DON’T ARM THOSE PEDAGOGUES, PLEASE

The role of the pedagogue/bureaucrat/intellectual in the 20th century has been important and harmful to the nth degree. One thinks of Professor Woodrow Wilson, FDR’s Brain Trust, and the "New Mandarins" who flocked to Washington to serve and profit under JFK and LBJ. And who can forget Dr. Henry Kissinger, favorite wherever he goes?

All these people were true believers in what C. Wright Mills called "bureaucratic rationality." The world was a discreet set of objects – big aggregates like "savings," "investment," or "distribution" to be apprehended directly by those trained in the bureaucratic sciences. The bureaucracy would then manipulate these big objects and – presto! – we have a much better society and good time, to boot. What could be simpler? The few pockets of resistance – laissez faire die-hards, religious nuts, etc. – would be reeducated soon enough with mailed fists, velvet gloves, tedious lectures, and aerial sorties, whatever it took.

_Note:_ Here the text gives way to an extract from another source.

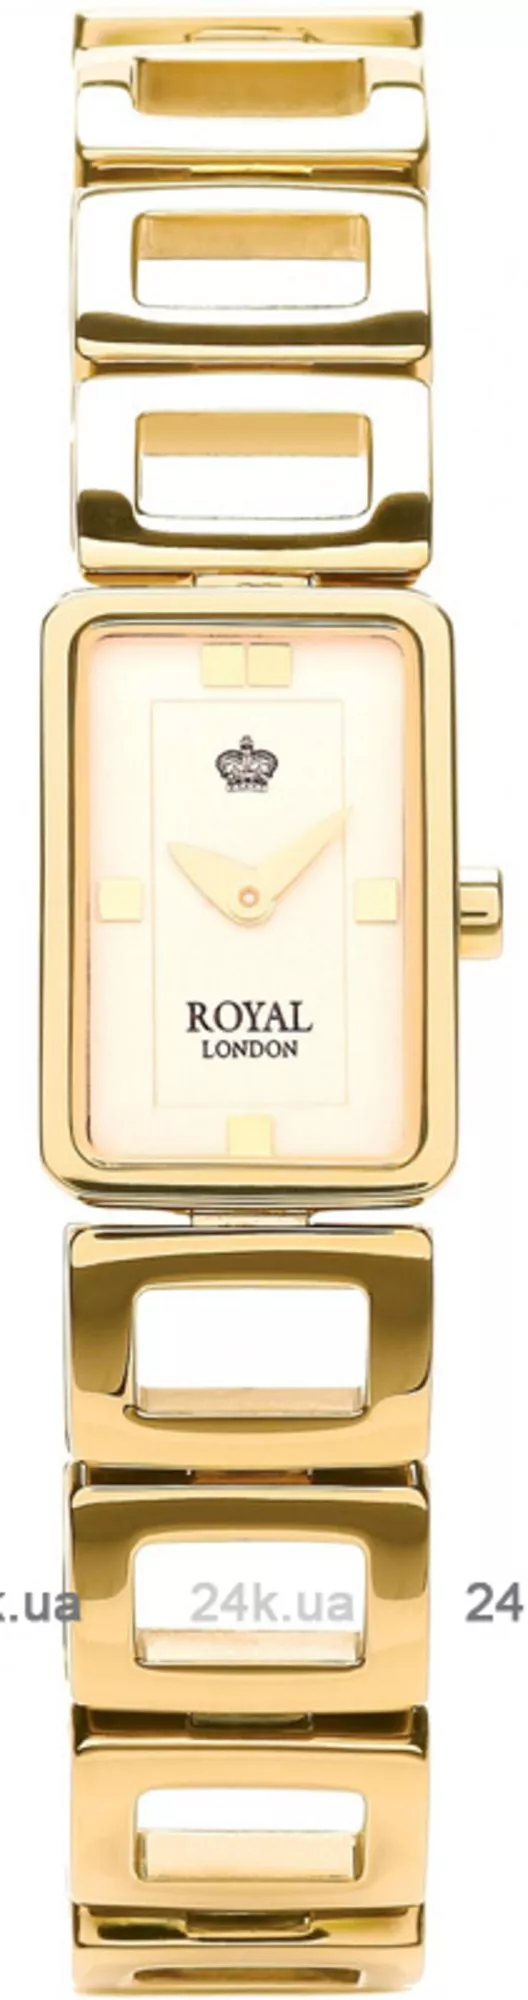 Часы Royal London 21166-04

TOWARDS AN INTELLIGENT, PRINCIPLED ‘POUJADIST’ MOVEMENT

Martin Van Creveld, Robert Bresler, and many others have stressed the role of 20th-century warfare in making possible bureaucratic expansion and social "reform." War technique and the need to shape up and reward the masses of potential cannon fodder account for the successes of soft-core socialism in Europe and North America. In the last chapter of his War and the Rise of the State, Bruce Porter writes that the modern bureaucratic state may have "transcended its origins" in war technique.3 If this is true, world peace – assuming that were possible – might not fully address the chicken-and-egg problem of the relationship between war and statism. We might still need an intelligent mouvement Poujade of our own. Where can we sign up? Algore wants to "reinvent" bureaucracy. I don’t think Dubya can help us here. Pat has to have bureaucrats to collect all those tariffs. Harry Browne looks forward to setting up a new special-operations bureaucracy…. Friends, we may have to do it ourselves….

Notes

  1. Richard Simpson, "Bureaucracy" in J. Rufus Fears, ed., Essays in the History of Liberty: Selected Writings of Lord Action, I (Indianapolis: LibertyClassics, 1985), pp. 518-530.
  2. Alexis de Tocqueville, Democracy in America, II (Garden City, N.Y.: Anchor Books, 1969), Part IV, Ch. 6, "What Sort of Despotism Democratic Nations Have to Fear," pp. 690-695.
  3. Bruce D. Porter, War and the Rise of the State (New York: The Free Press, 1994), last chapter.